:: ACTIVITY ::
Your copy of the listing must be exact and must hold no images.

:: DATASET CONTENT ::
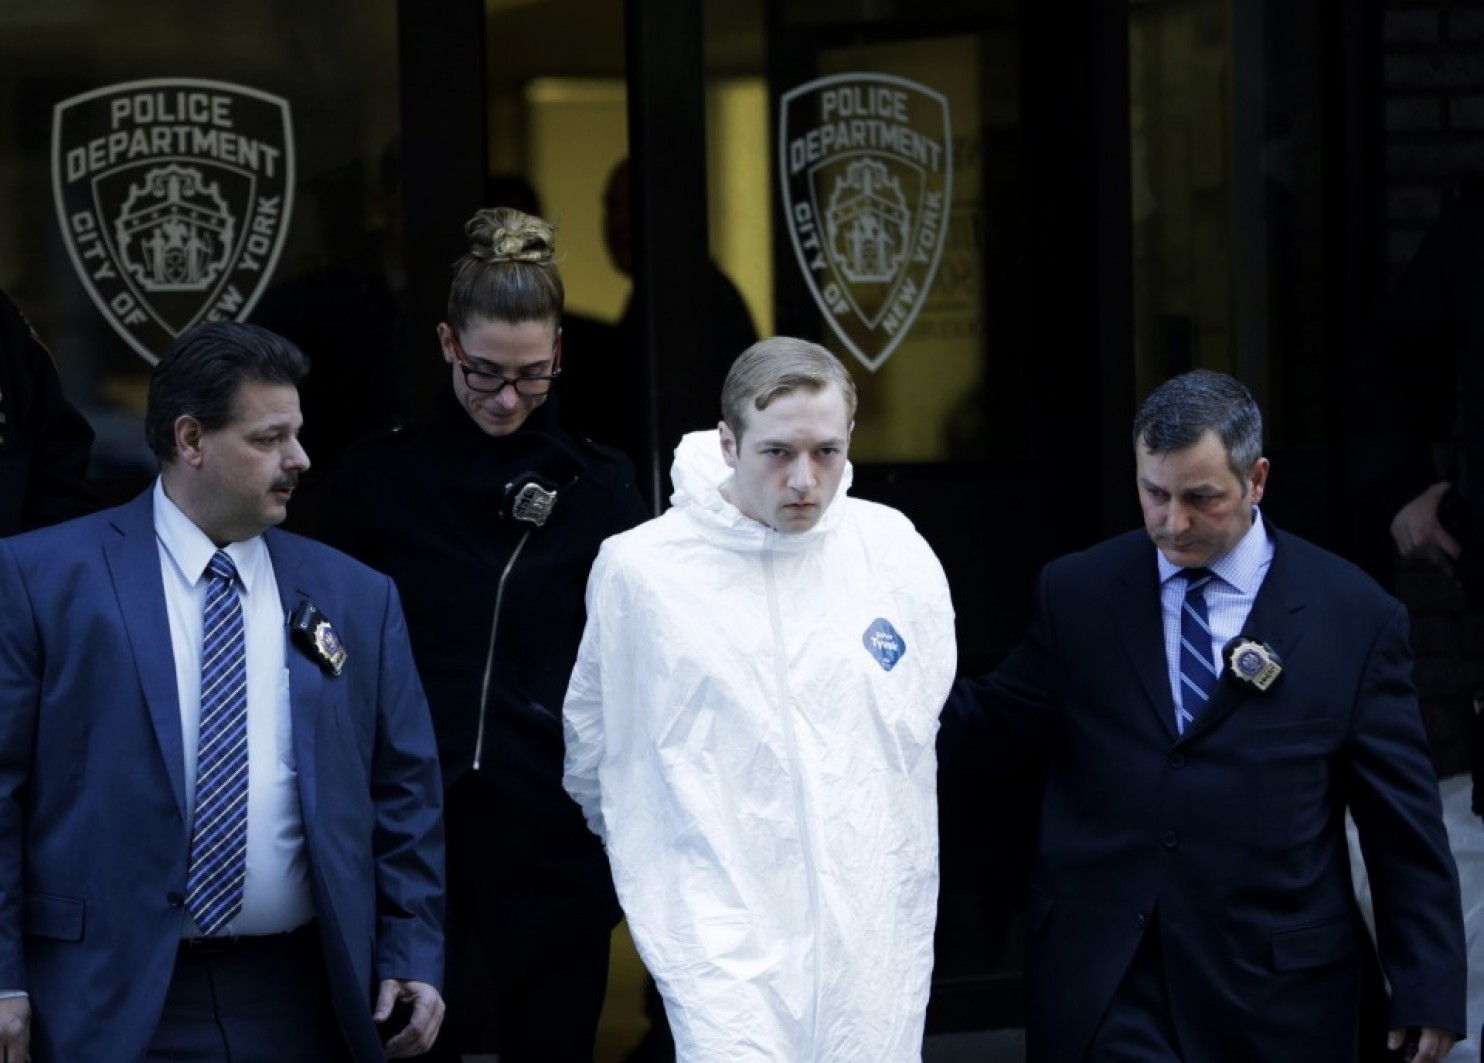 James Harris Jackson is led out of a police precinct in New York. Photo: Seth Wenig | Associated Press.
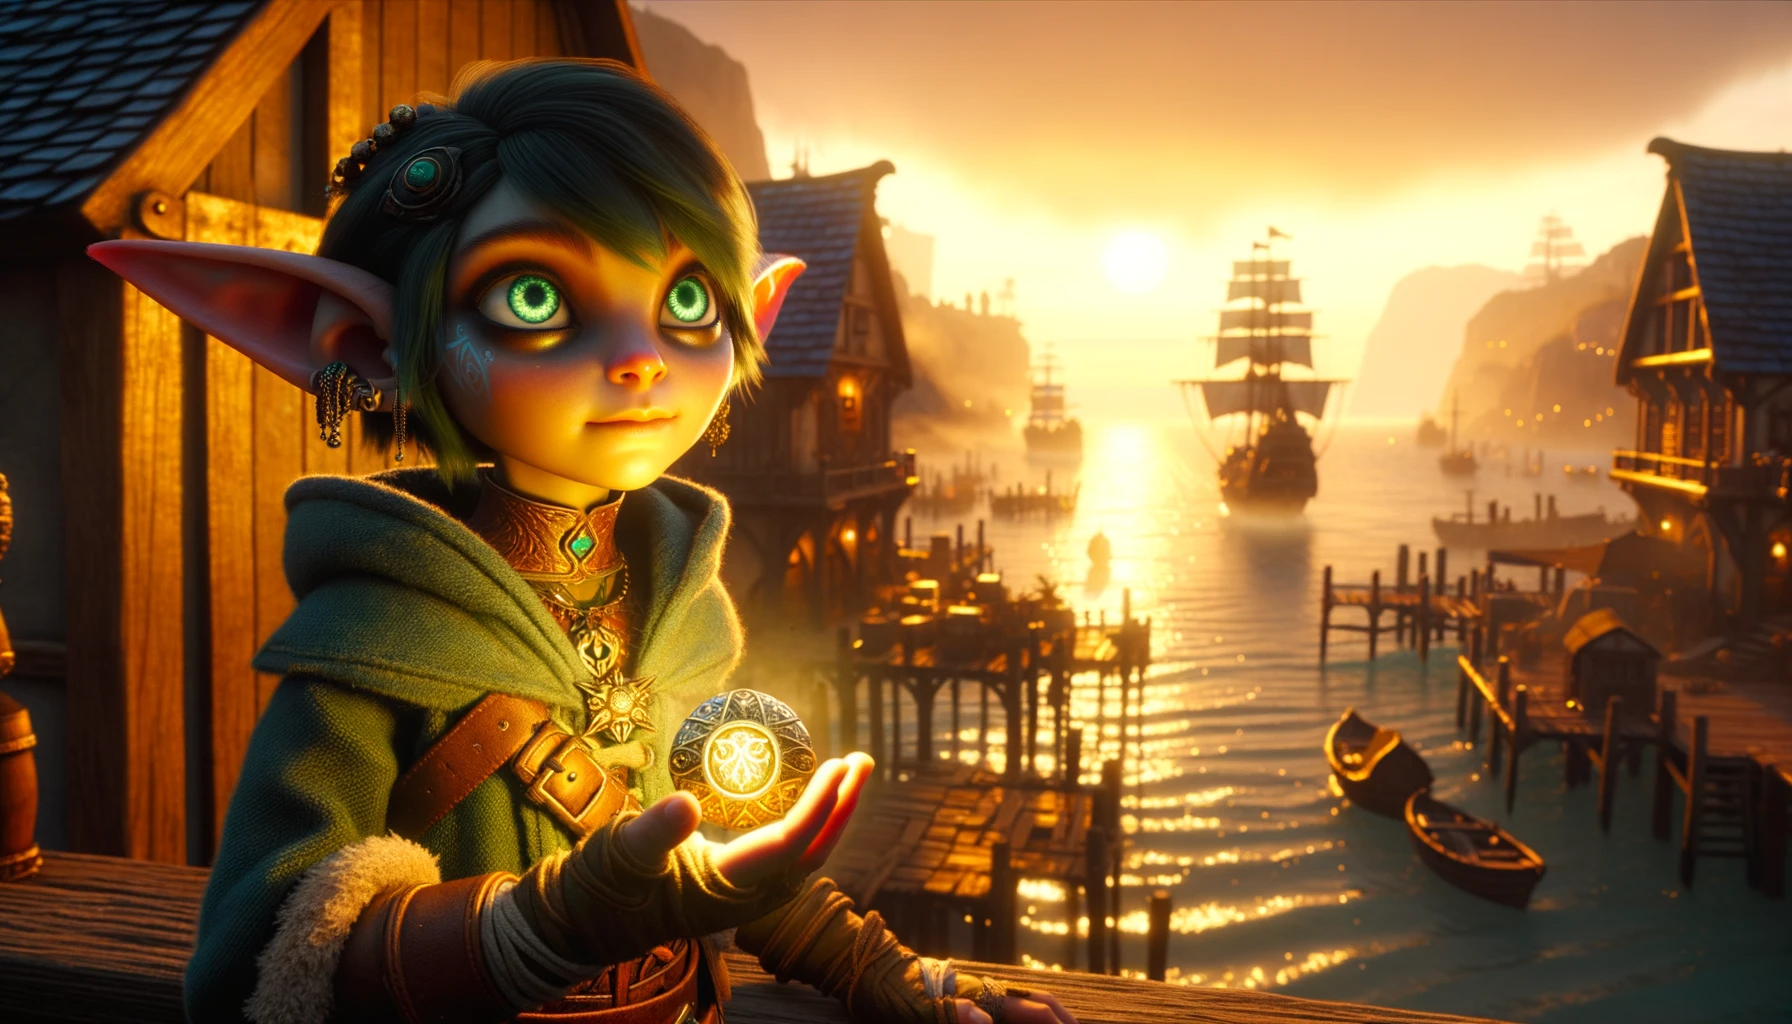 dawn breaks over Bilgewater Harbor, with Glim standing determinedly outside her shop, clutching the glowing amulet. This marks the beginning of her legendary journey to become Glowstitch.
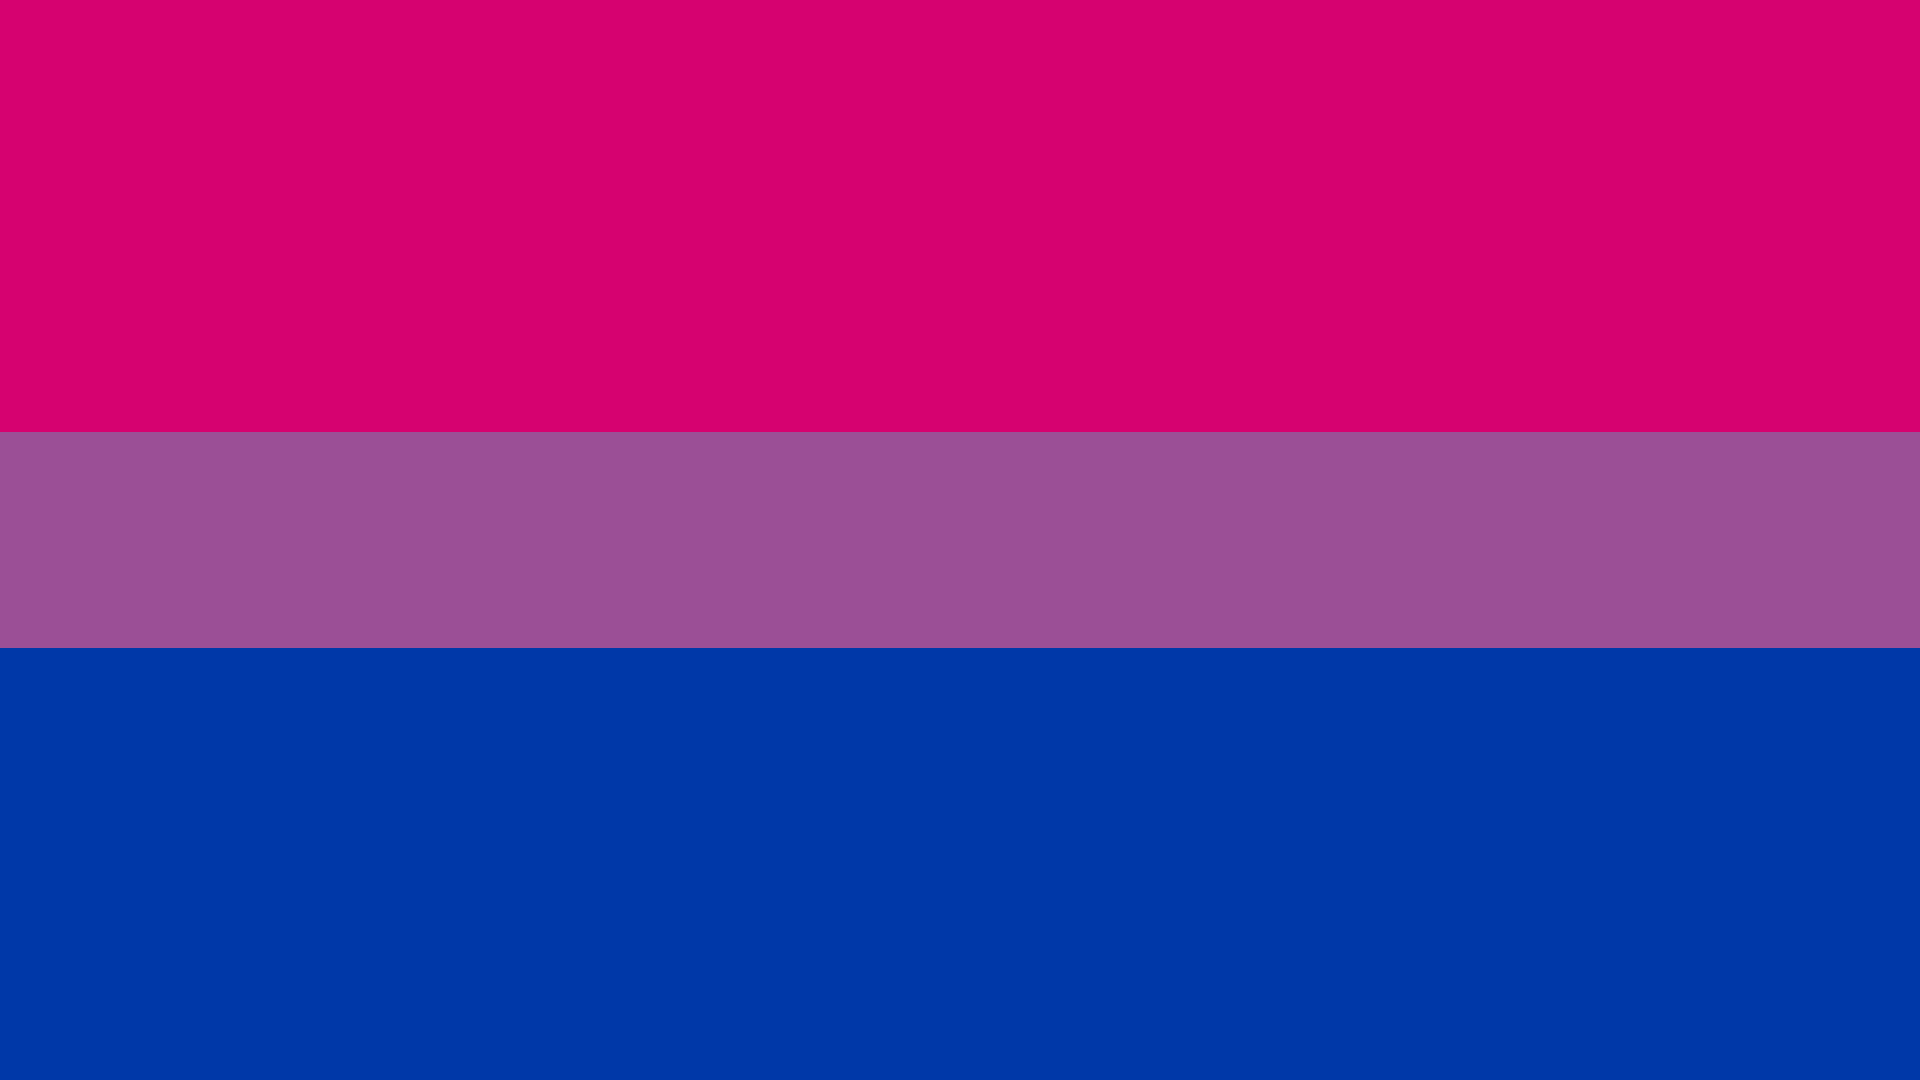 The Bisexual Flag, free to use

:: SOLVED EXERCISE ::
 James Harris Jackson is led out of a police precinct in New York. Photo: Seth Wenig | Associated Press.
 dawn breaks over Bilgewater Harbor, with Glim standing determinedly outside her shop, clutching the glowing amulet. This marks the beginning of her legendary journey to become Glowstitch.
 The Bisexual Flag, free to use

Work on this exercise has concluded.